Some limitations must be considered in the context of this analysis. First of all, we developed a PK model based on literature data, which allowed us to use fixed allometric scaling, including mean population data and individual information. A more structured analysis of the PK of deferoxamine would reduce the uncertainty around the simulated exposure and explain part of the variability in PK that propagates into the pharmacodynamic parameter estimates. On the other hand, the proposed approach allowed us to characterise differences in the pharmacokinetics that could not have been evaluated based only on information about the dosing regimen; e.g., changes in size are accounted for by allometric scaling.
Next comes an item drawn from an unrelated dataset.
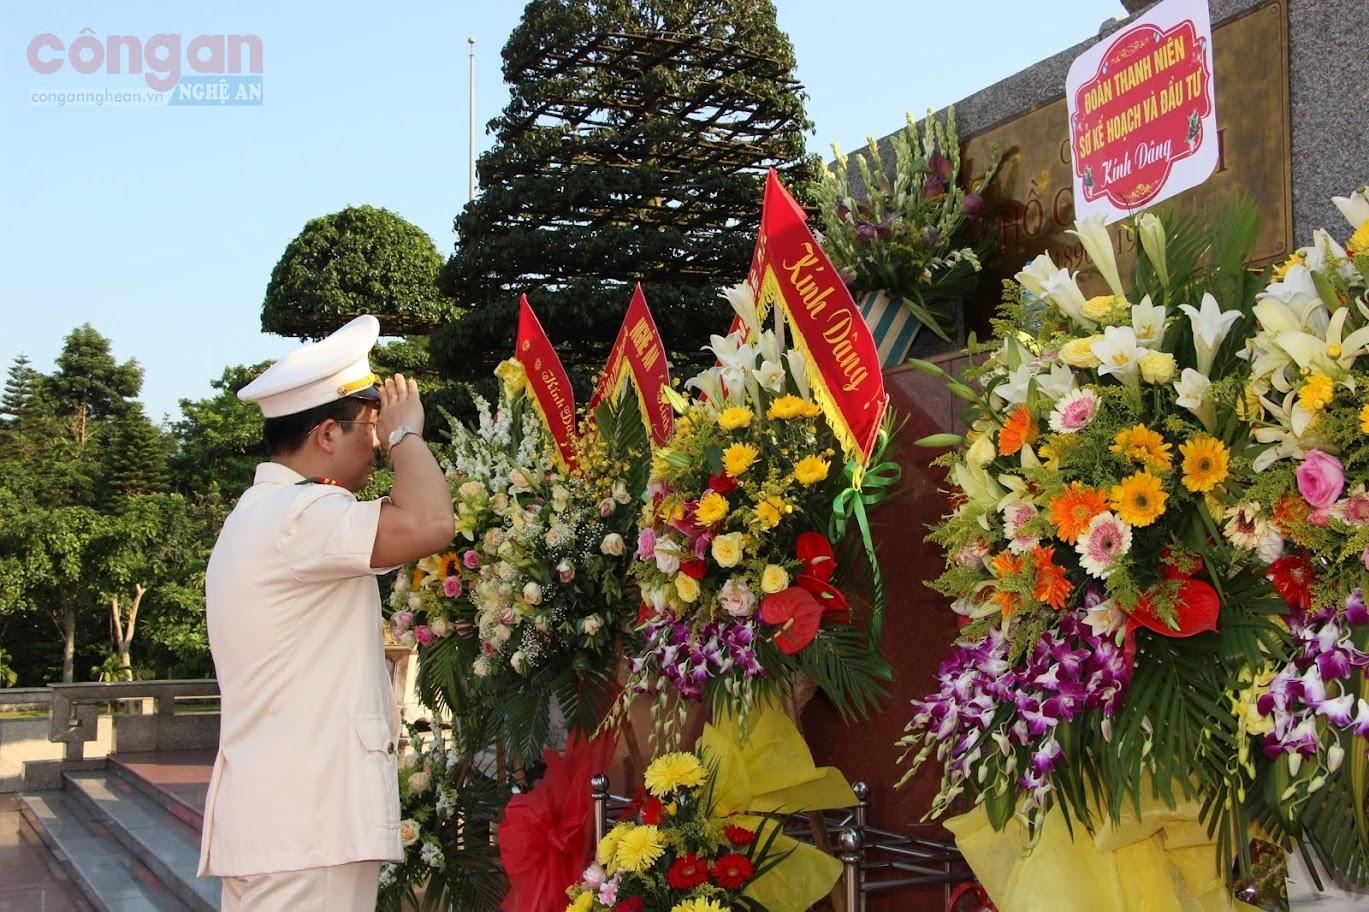 Đồng chí Thượng tá Nguyễn Xuân Thư – Trưởng phòng, thay mặt lãnh, Ban biên tập Báo Công an Nghệ An dâng hoa, báo công với Bác

A second aspect is the role of treatment compliance. The lack of quantitative data on adherence in the population under investigation was a clear impediment for the analysis. To overcome this issue we used the observed data to generate a variable that captures differences in compliance. This decision was supported by the information available in the literature; we found clear evidence that high compliance leads to stable ferritin levels over time and that poor adherence to deferoxamine therapy is strongly correlated with poor clinical outcome, as nicely depicted in the work by Gabutti et al. (30) (Kaplan-Meier analysis presented in Fig. 2). This was confirmed by a few other publications (20,31,32,37) and gave us the confidence that the approach taken here would be robust enough for the purposes of this analysis. In addition, we should emphasise that whilst not all levels of compliance have been tested, linear interpolation between scenarios does not affect the overall conclusions that can be drawn from the simulation results. For instance, the impact of 50% compliance can be inferred from data showing response for patients with 40 and 60% missed doses (see Fig. 6). Of course, additional simulations would need to be performed to obtain accurate figures for this scenario.

Conclusion

In conclusion, modelling of ferritin response enables characterisation of the dynamics of iron overload in patients receiving chronic blood transfusions. Of note is the possibility to predict the time to achieve clinically safe levels of ferritin in individual patients. The approach can be used to support decision making in clinical practice, including personalisation of the dose for existing and novel chelating agents. Bearing in mind the limitations discussed above and the relative level of uncertainty, this model can be expanded to other transfusion-dependent haemoglobinopathies.